LabVIEW Embedded

cancel
Showing results for 
Search instead for 
Did you mean: 

LabVIEW Embedded for ARM performance

My work colleague and I have been doing some performance measurement for the two current LabVIEW Embedded for ARM Tier 1 boards.

 

A detailed report of the computational testing is attached (LabVIEW Embedded – PerformanceTestign.pdf). The other testing was done using the simplest VI to execute the listed function.

 

The results for the LM3S8962 Evaluation Board are summarised below. Results for the computation performance for the MCB2300 Evaluation board can be found in the attachment.

 

Test

Single Loop

Multiple Loops

Notes

Computation

50 MIPS

10 MIPS

Effective MIPS

UDP Read

4,770 Hz*

4,021 Hz

Maximum rate, tested over 10,000 loops

UDP Write

13,344 Hz

14,371 Hz

Maximum rate, tested over 10,000 loops

TCP Read

515 Hz

516 Hz

Maximum rate, tested over 10,000 loops

TCP Write

58 Hz

60 Hz

Maximum rate, tested over 10,000 loops

Display update

18 Hz

18 Hz

Maximum rate

 

 

* Note, the UDP read operation requires a LabVIEW Embedded for ARM bug to be corrected. See http://forums.ni.com/t5/LabVIEW/LV-for-ARM-UDP-read-55-ms-wait/td-p/1812354/highlight/true/page/2 for details. With the bug, the maximum Single Loop UDP Read rate is 1904 Hz.

 

Conclusions

 

1) The LabVIEW/RTOS overhead results in 80% of CPU performance to be lost (10 MIPS left over for the application).
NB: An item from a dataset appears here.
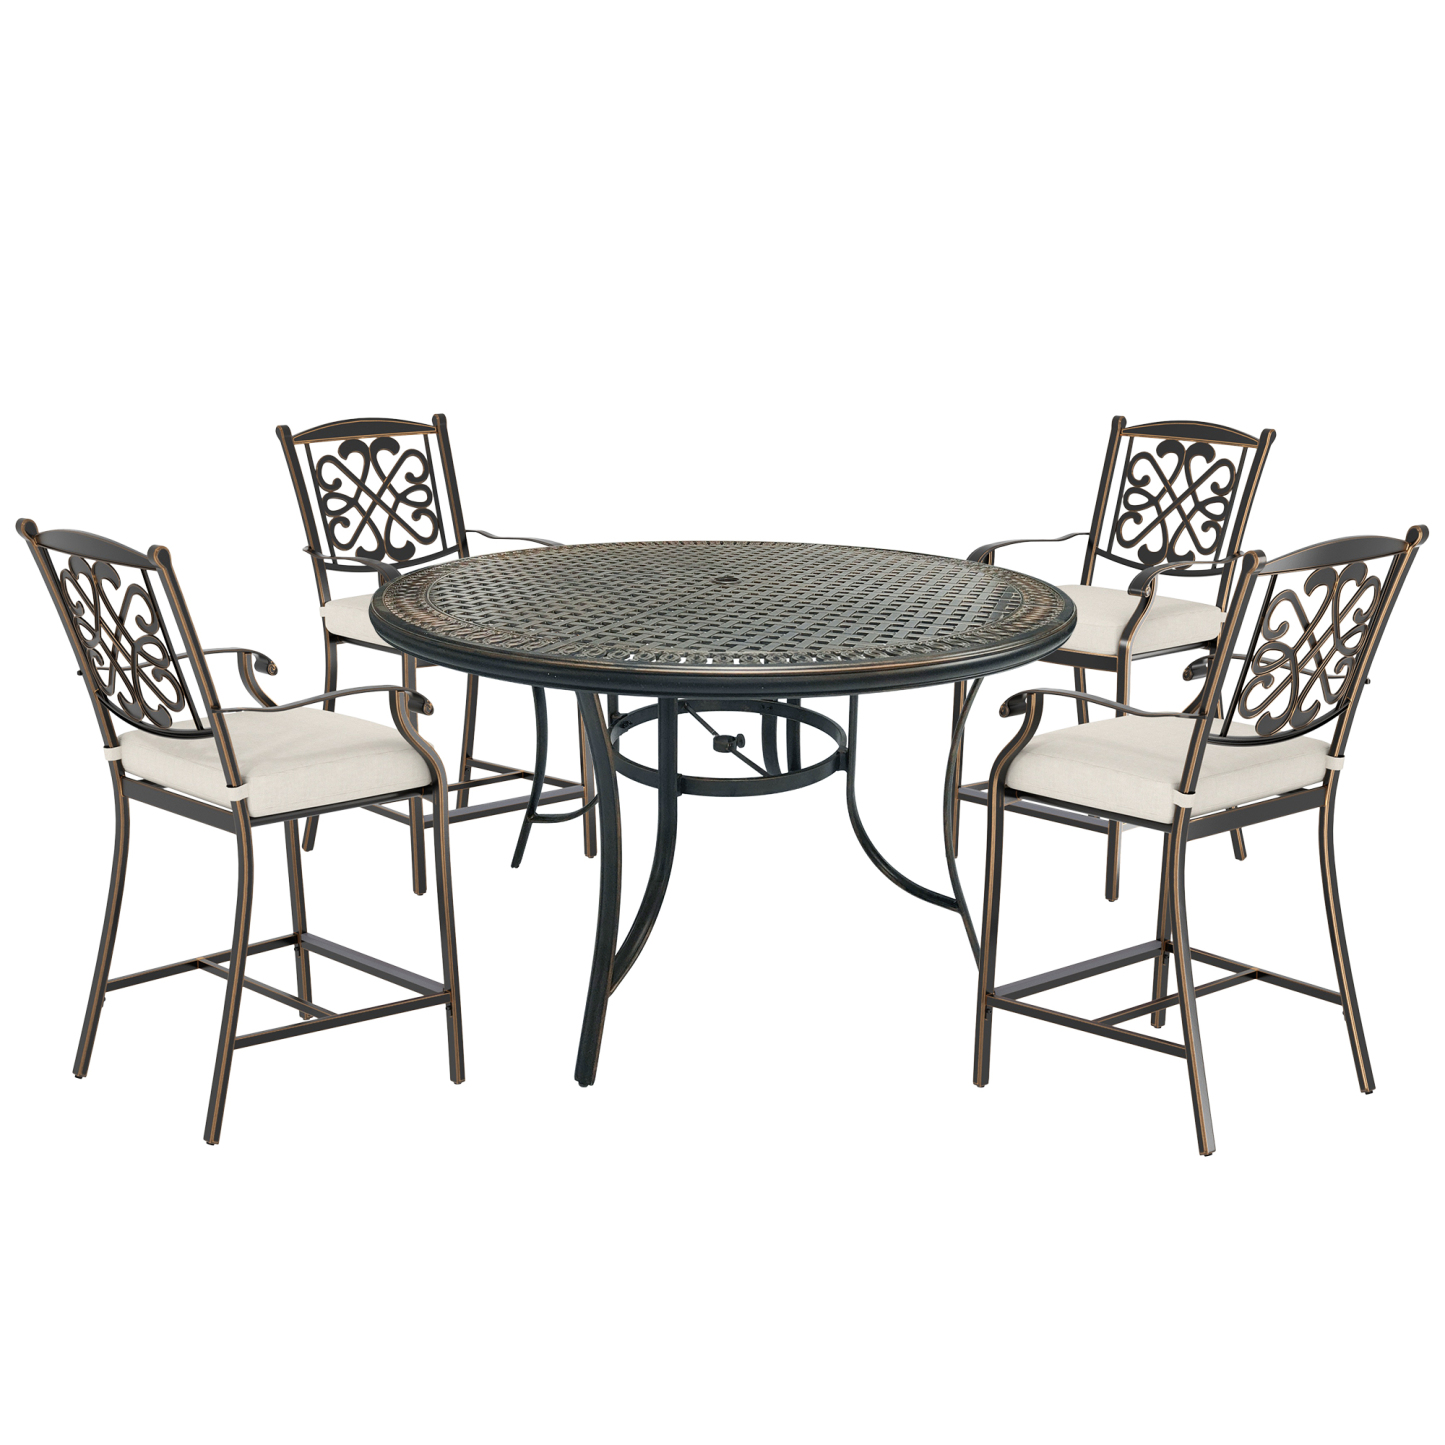 Mondawe 5Pcs Cast Aluminum Dining Bar Set with Round Table and Diamond-Mesh Curved Backrest Dining Chairs in Red/Beige-Mondawe

2) Performance is inadequate for anything but simple application or loop rates no higher than 100 Hz.

3) A faster microcontroller would probably give disproportionately more CPU performance, assuming a fairly fixed overhead (100 MHz microcontroller may give 50 MIPS left over for the application)

4) If you don’t require the TCP features for datacommunication, UDP is much quicker.

Message 1 of 3
(5,791 Views)

Congratulations for these tests, I just needed this reference to learn what I could still improve on my code!

I also use the LM3S8962 and noticed the overhead, especially with the display. My application does not use Ethernet, so I can't opine about it.

To achieve a loop time of about 100us for my controller loop (which is a state-space controller), I did several speed tests replacing the routines with greater delay for equivalent with lower delays, I did not use parallel execution and only used integer variables. I also follow several tips in NI articles. Another tip is to use inline C routines to perform more specific and critical tasks, I did it for the use of two ADC channels and I got a significant improvement in speed. However, I expected a higher speed for integer simple arithmetic blocks.

In the case of display, I haven't found a solution. I verified the routine loop time is 56ms (don't matter the image) when I enable the "update", but to my loop this is too long. I think is possible to reduce this time in the C display block code, e.g. using an interrupt, but like this, there are a lot of embedded C code who we don't can access directly do modify in the ARM blocks.

Best regards!

 

Evandro Rech

0 Kudos
Message 2 of 3
(5,769 Views)

Yes, the display update time of 56 ms is massive. It’s interesting to examine what’s going on.

 

The Stellaris LM3S8962 Evaluation Board Manual (http://www.ti.com/lit/ug/spmu032b/spmu032b.pdf) states “The OLED display has a built-in controller IC with synchronous serial and parallel interfaces. Synchronous serial (SSI) is used on the EVB as it requires fewer microcontroller pins. Data cannot be read from the OLED controller; only one data line is necessary.” So communication with the display is one bit at a time.

 

The OLED display is a “RiT P14201 series display”. From http://www.ritdisplay.com/in_English/Product_Technology/Product_Technology.htm we learn that the controller IC is a SSD1329. The data sheet for the SSD1329 (http://www.trulydisplays.com/oled/specs/IC%20SSD1329%20Spec.pdf ) shows that the minimum write cycle time is 250 ns per pixel.

 

The LM3S8962 microcontroller can perform 12 instructions in this time period. Plenty of time to toggle the data and clock line. In fact the microcontroller will be wasting cycles since there’s no time to go off and do anything else.

 

Although the SSD1329 IC allows addressing of individual pixels, chances are that a screen updates sends all 128 x 96 pixels. If so, then it would take 128 x 96 x 250 ns to update the display. That is, 3.1 ms. This is well short of the 56 ms observed. So, what is going on?

 

Actually the driver IC can do 128 x 128 and if you reset the development board at the right time, you’ll see that scanning is top to bottom, so all 128 x 128 of the controller IC’s pixels are being written to. Well, 3.1 ms is a long time to be away for a deterministic system. If after each pixel LabVIEW/RTOS did a context switch, this would add 128 x 128 x 163 [context switch cycles] x 20 ns = 53 ms. Add to this the time required to write to the display’s single pixel and we get 56 ms.

 

So, we know why we get a whopping 56 ms display update time, when nothing else is happening.

 

However, this doesn’t explain why it still takes 56 ms even when parallel loops are disabled and presumably the RTOS is not intervening.

 

Programming bare metal (LabVIEW Embedded or C) would make this problem go away if you run your main loop at 96 Hz or faster. Once each loop you can update one column of the display. This will only consume 0.002% of the CPU. Even if the main loop ran at 10 kHz (nice rate), the display update would only consume 2.4% of the CPU’s computing resources.

 

It’s handy to keep close to the metal.

Message 3 of 3
(5,732 Views)